= Problem description =
Give the data below again exactly as written, but without the pictures.

= Source data =
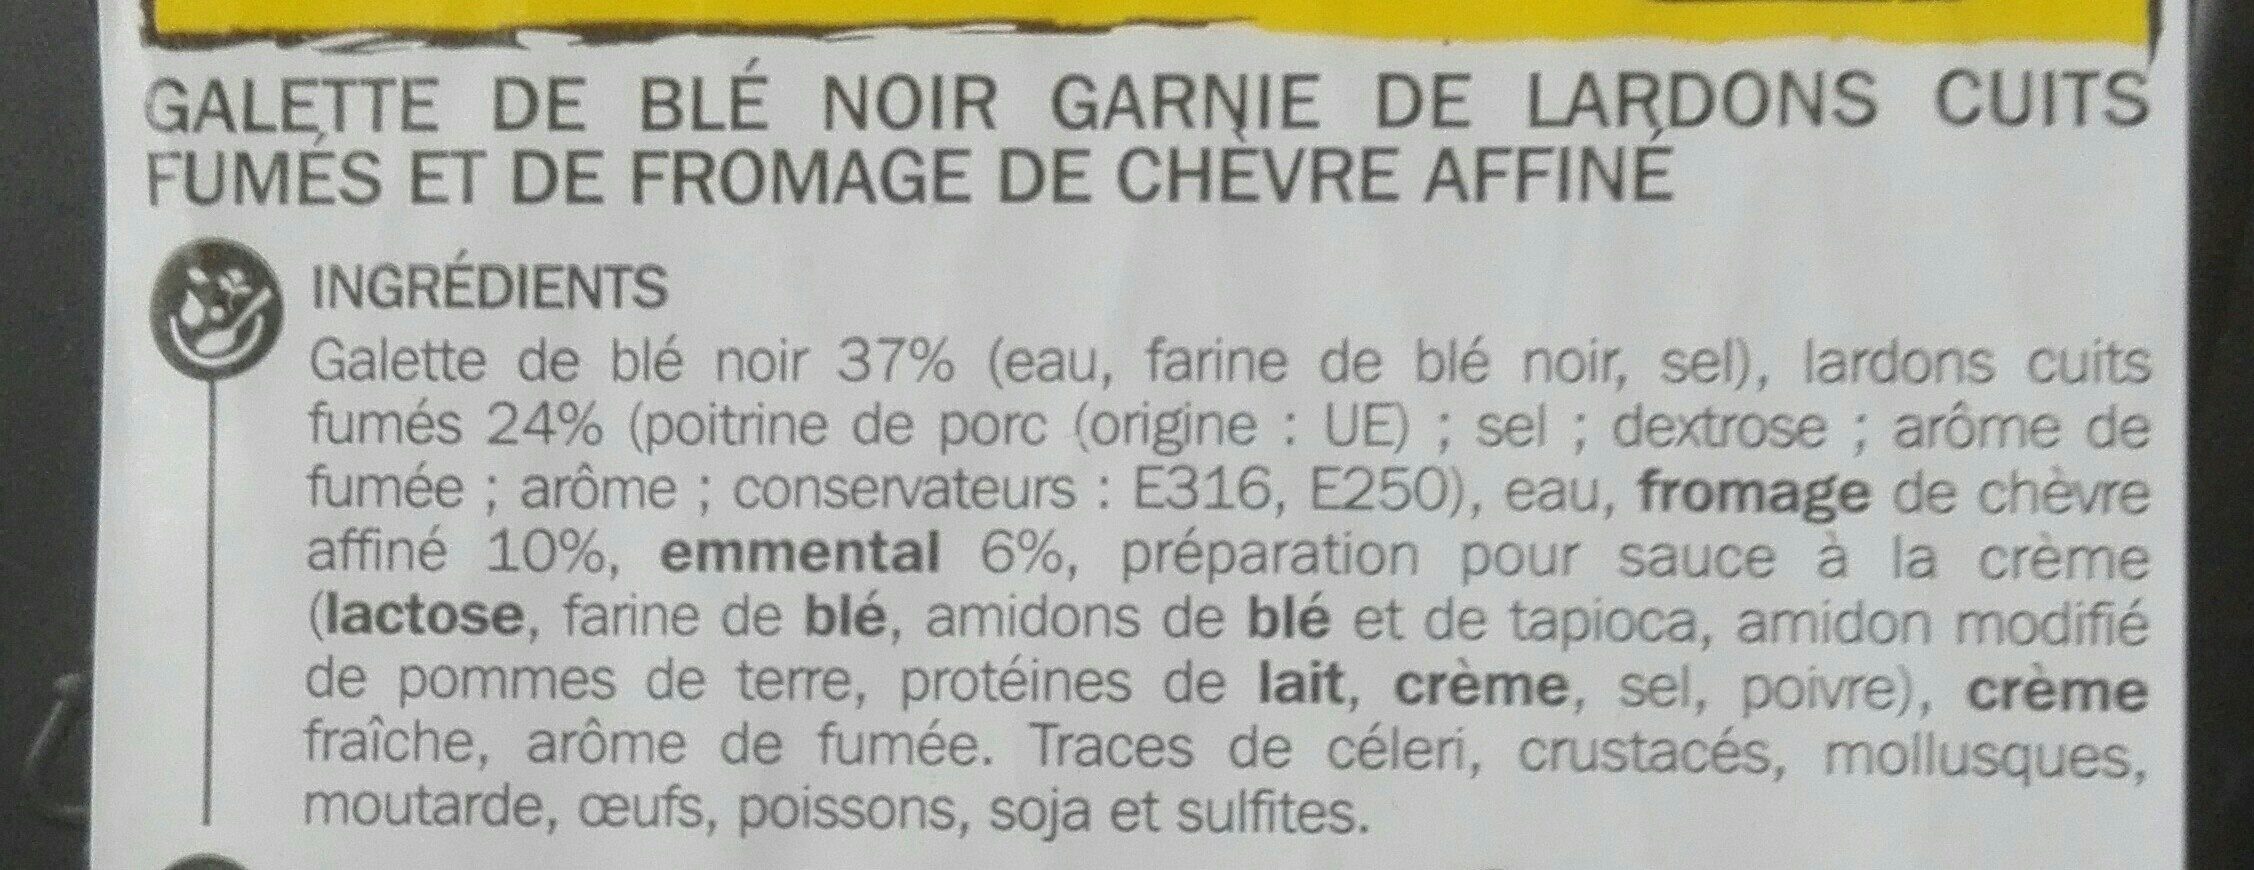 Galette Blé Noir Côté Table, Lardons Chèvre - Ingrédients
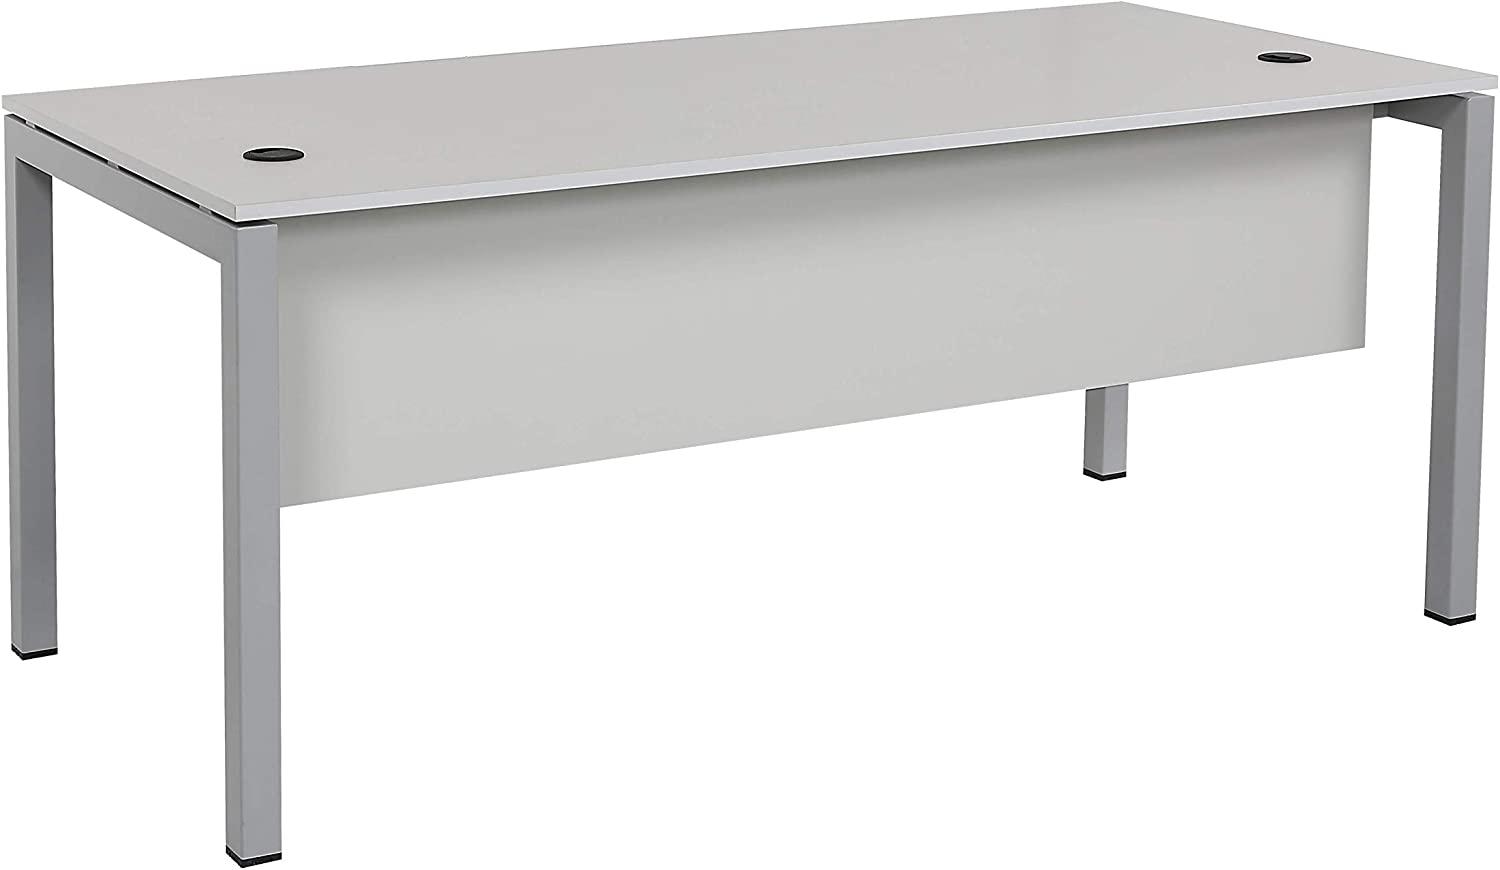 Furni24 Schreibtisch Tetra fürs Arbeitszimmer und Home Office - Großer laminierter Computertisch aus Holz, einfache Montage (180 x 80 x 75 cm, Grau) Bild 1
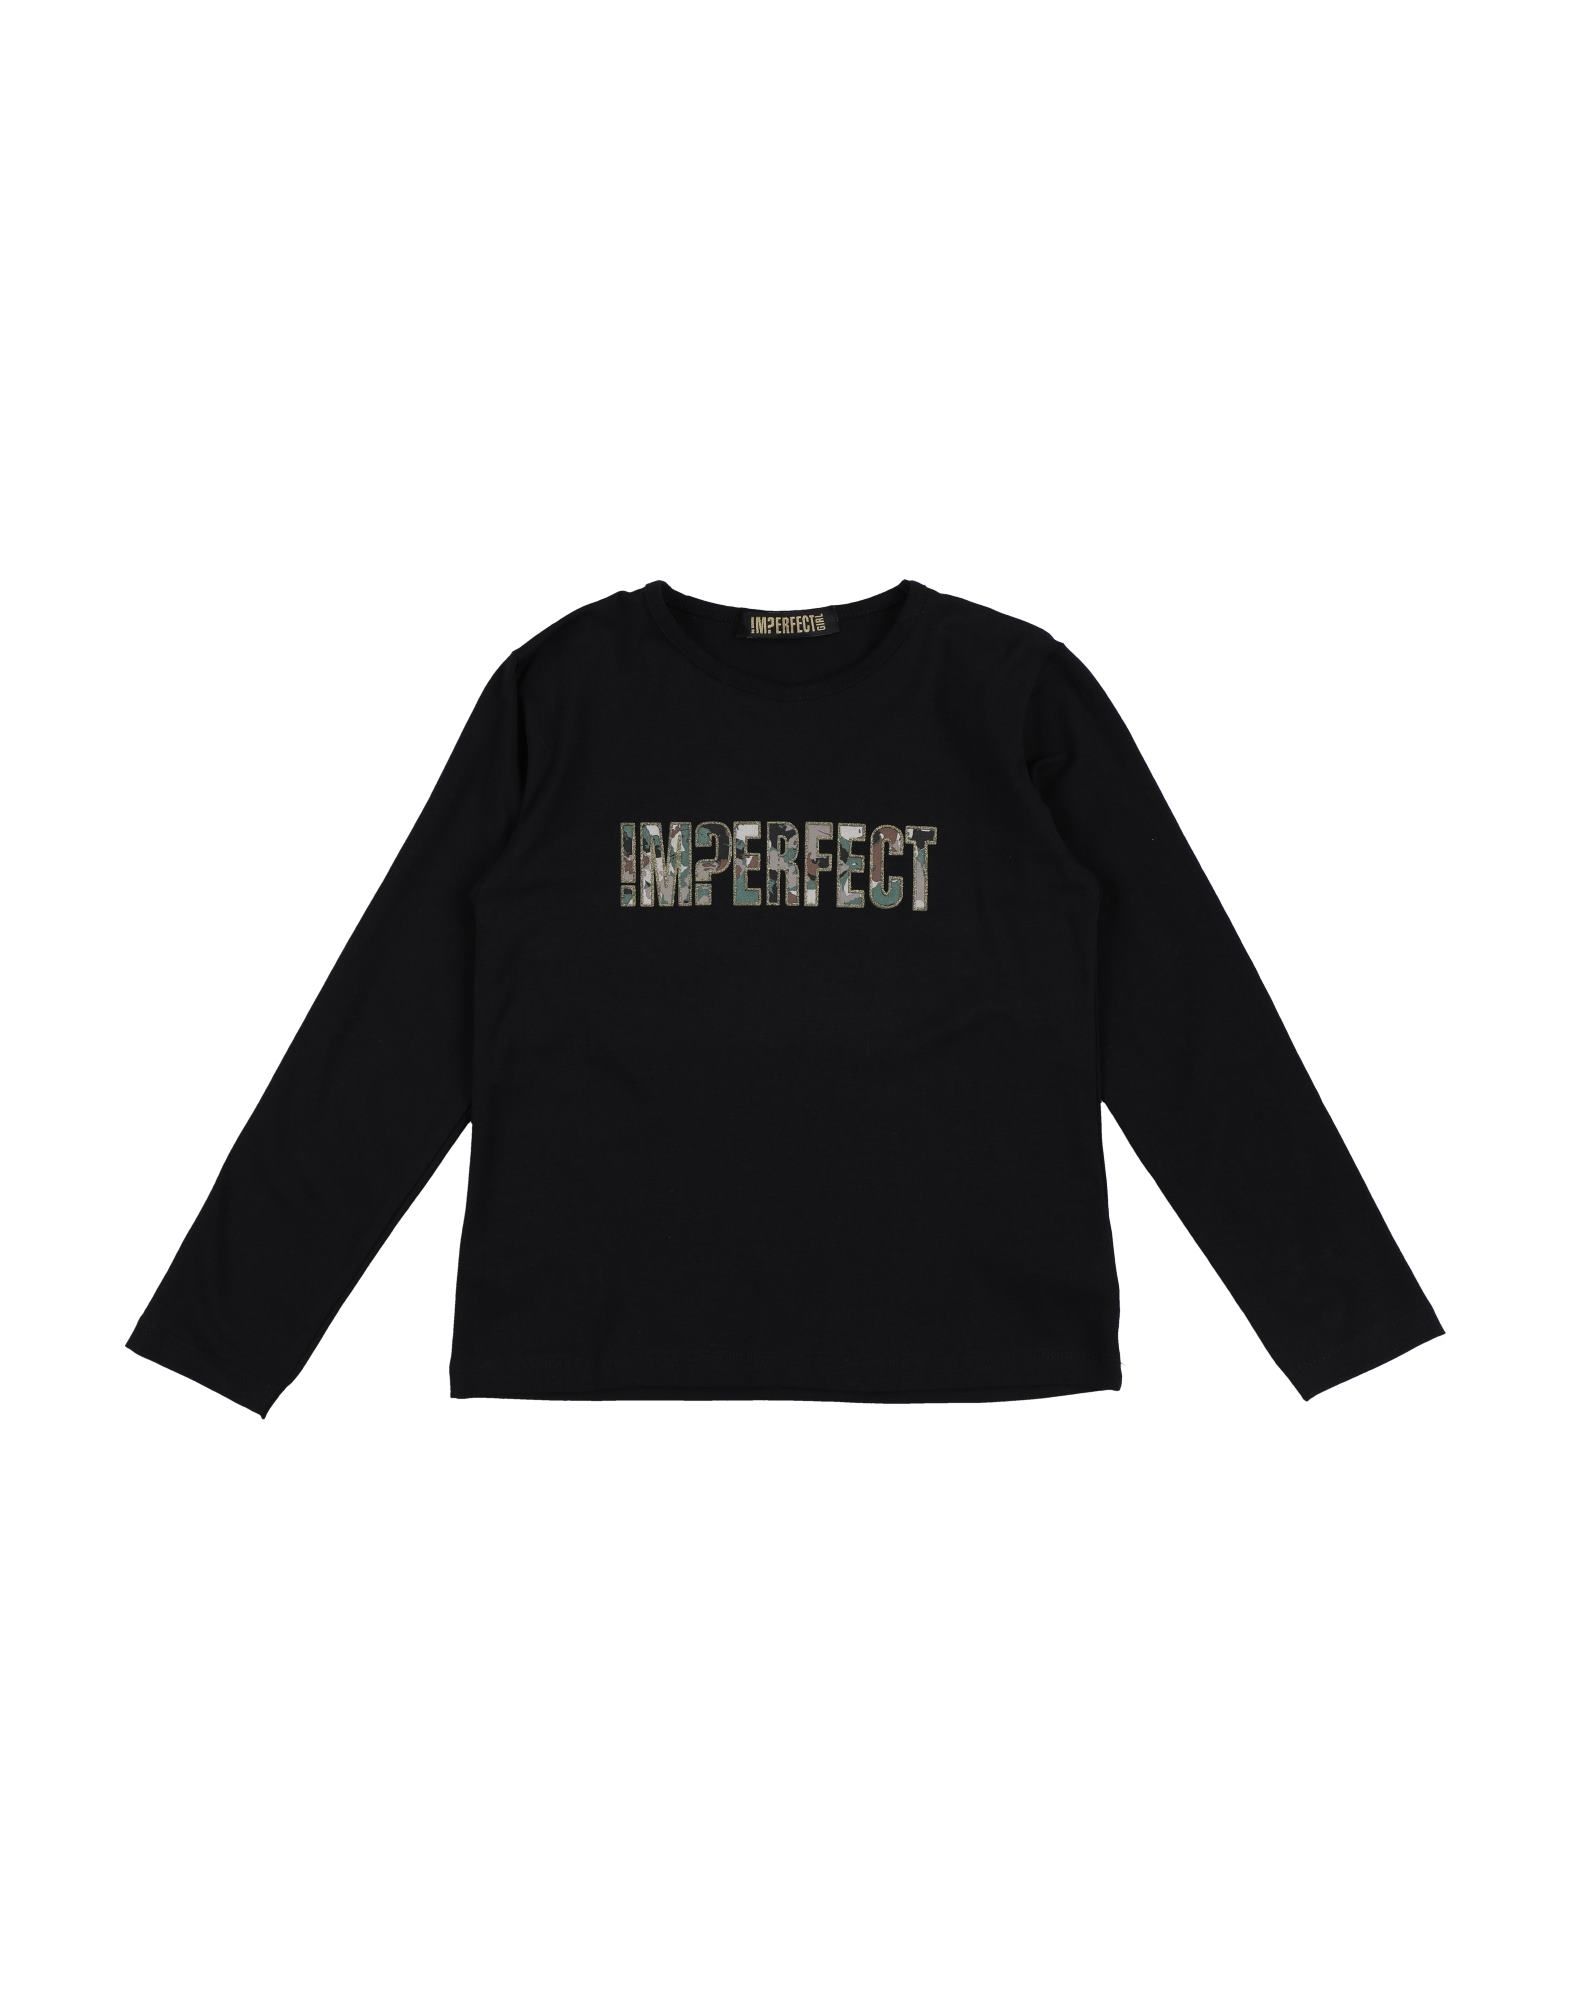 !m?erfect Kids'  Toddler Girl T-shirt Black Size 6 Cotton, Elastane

= Solution for this problem =
 Galette Blé Noir Côté Table, Lardons Chèvre - Ingrédients
 Furni24 Schreibtisch Tetra fürs Arbeitszimmer und Home Office - Großer laminierter Computertisch aus Holz, einfache Montage (180 x 80 x 75 cm, Grau) Bild 1
 !m?erfect Kids'  Toddler Girl T-shirt Black Size 6 Cotton, Elastane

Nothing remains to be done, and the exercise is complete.